Model Overview
Sandeep0079/model_sft_resta is a 1.5 billion parameter language model created by Sandeep0079 through a merge of pre-trained models using the MergeKit tool. This model leverages the Linear merge method to combine the capabilities of three distinct components:
- A base instruction-tuned model:
Qwen/Qwen2.5-1.5B-Instruct - Two local models:
./full_sft_model and ./full_harmful_model
Merge Configuration
The merge was performed with specific weighting to influence the final model's characteristics. The Qwen/Qwen2.5-1.5B-Instruct component and ./full_sft_model were given positive weights (0.35 and 1.0 respectively), while ./full_harmful_model was assigned a negative weight (-0.35). This configuration suggests an intent to integrate instruction-following capabilities while potentially mitigating or modifying certain behavioral aspects introduced by the 'harmful' model component.
Key Characteristics
- Parameter Count: 1.5 billion parameters, offering a balance between performance and computational efficiency.

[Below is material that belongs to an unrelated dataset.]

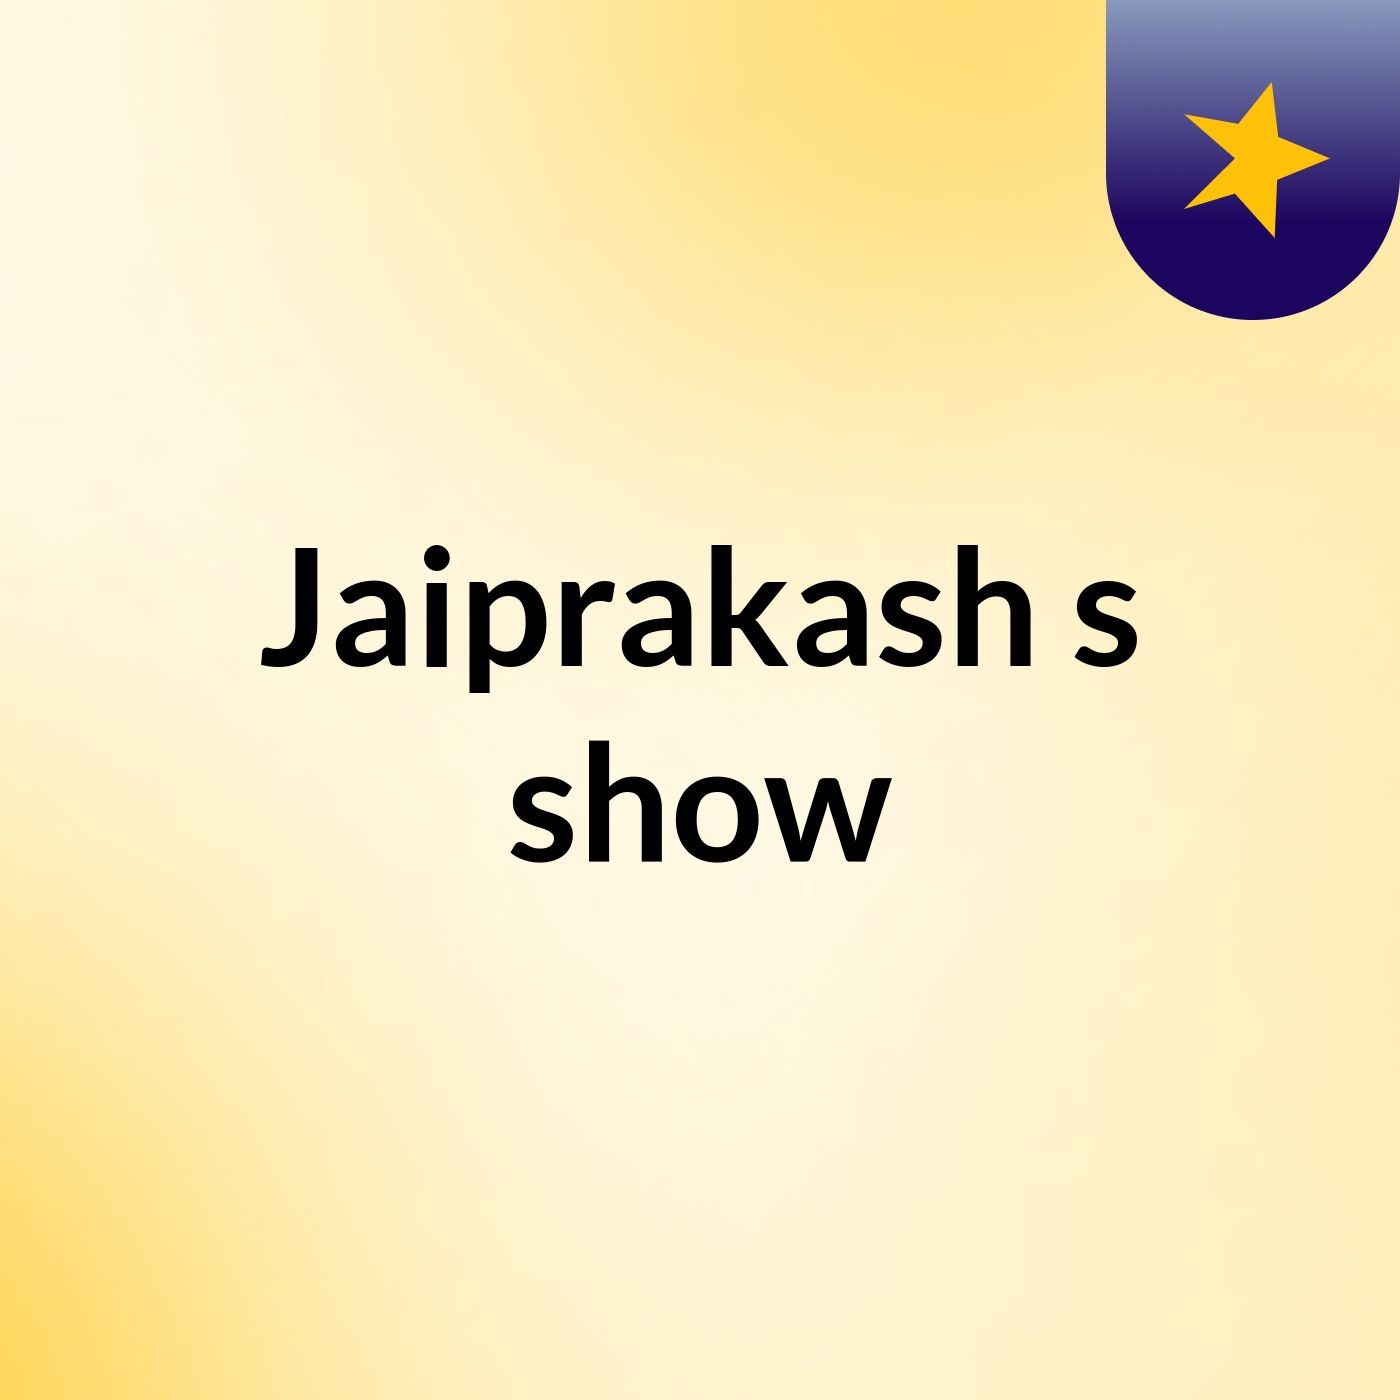 Episode 19 - Jaiprakash's show

- Context Length: Supports a substantial context window of 32768 tokens, enabling processing of longer inputs and maintaining conversational coherence over extended interactions.
- Merge Method: Utilizes the Linear merge method, which combines model weights directly based on specified coefficients.
Potential Use Cases
This model is suitable for developers looking for a compact, instruction-tuned model with custom behavioral adjustments. Its architecture makes it potentially useful for:
- Applications requiring a modified response profile from a base Qwen model.
- Experiments in model merging to fine-tune specific output characteristics.
- General instruction-following tasks where a 1.5B parameter model is sufficient.